It’s a personal thing

What’s your favourite book?

I like taking books away on holiday, especially autobiographies. I just like reading about people’s work, especially entrepreneurs and business

What do you do to switch off from work?

Getting involved in my village and supporting as many community events as I can. The village May festival raises over £30,000 in that weekend, but it takes a year to plan it.
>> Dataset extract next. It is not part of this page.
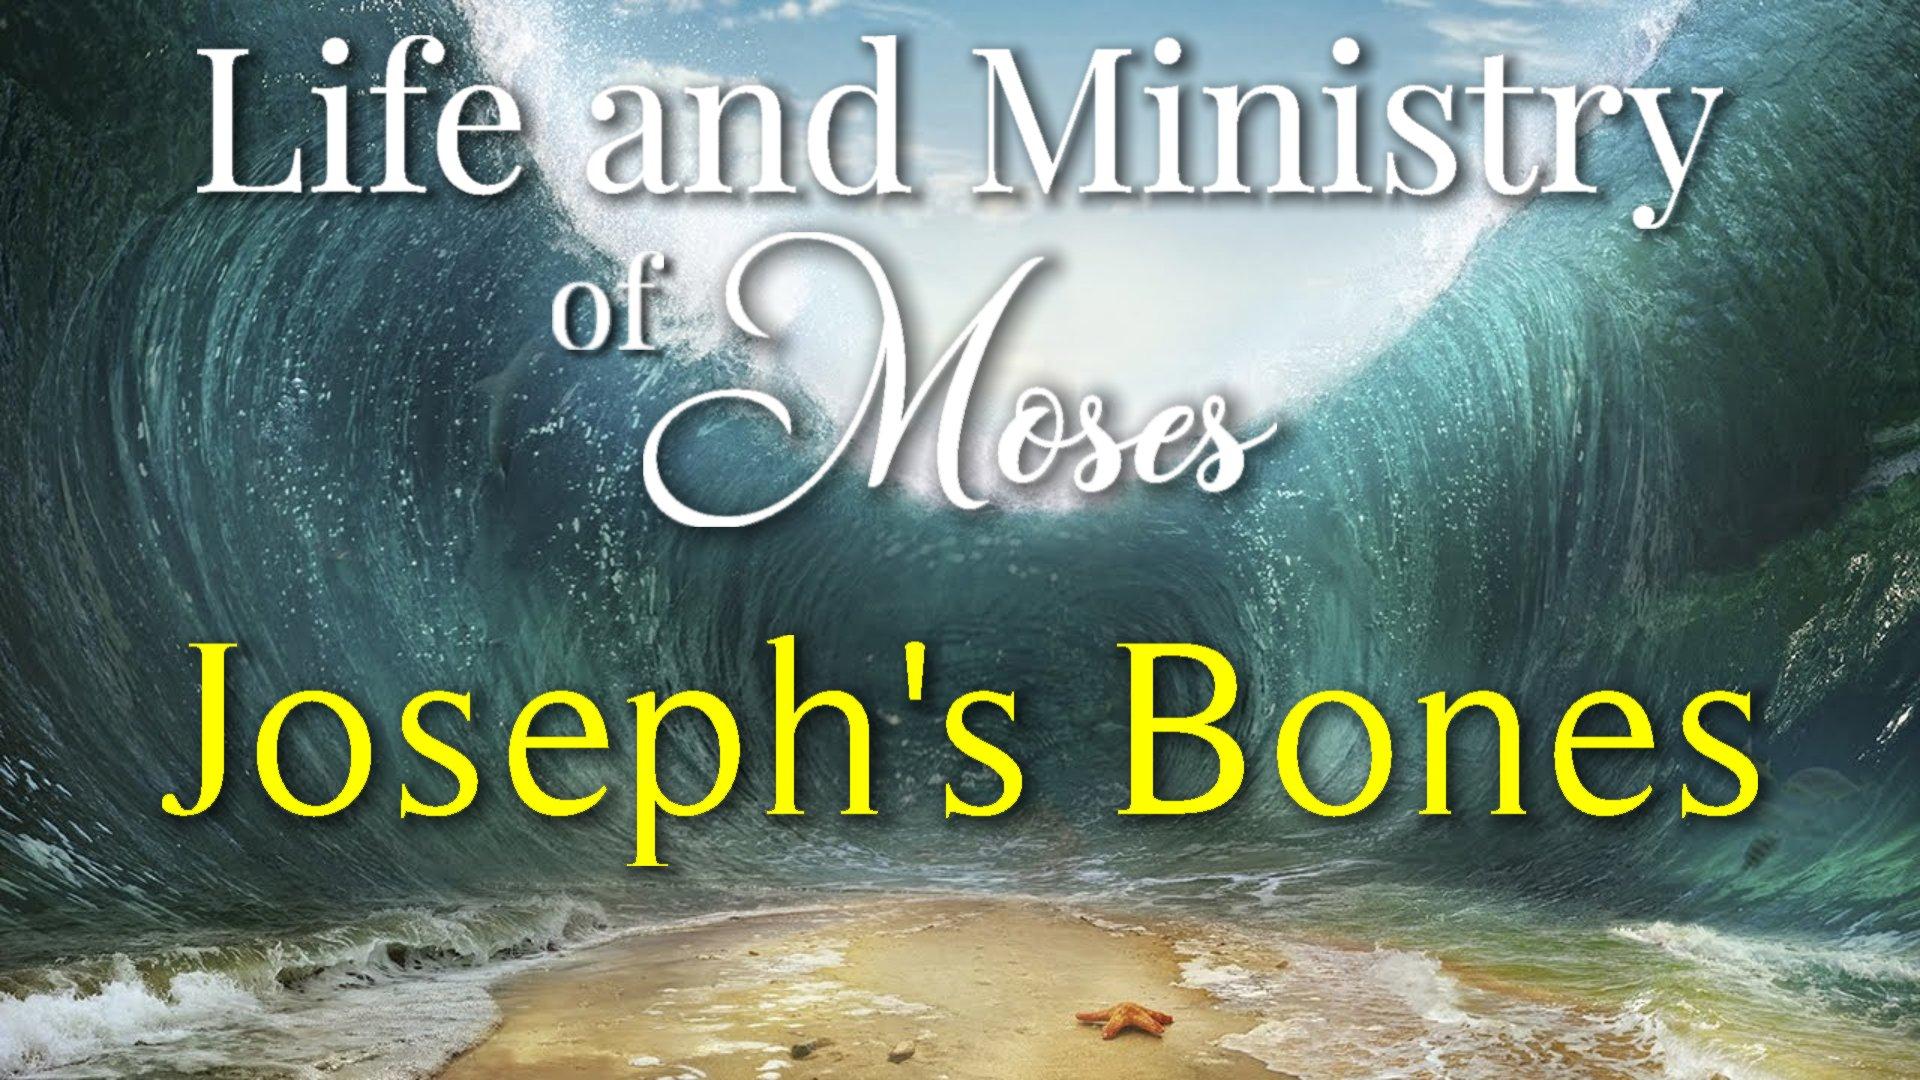 13 Joseph's Bones

I also love music, indie bands, and discovering bands before they’ve really started to get big

What’s your pet hate?

I haven’t got a pet hate really, but I don’t like Newcastle Football Club!

If you could invite anyone to a dinner party, living or dead, who would it be?

I’m a big Paul Weller fan; he could play me some tunes

What did you want to be when you were growing up?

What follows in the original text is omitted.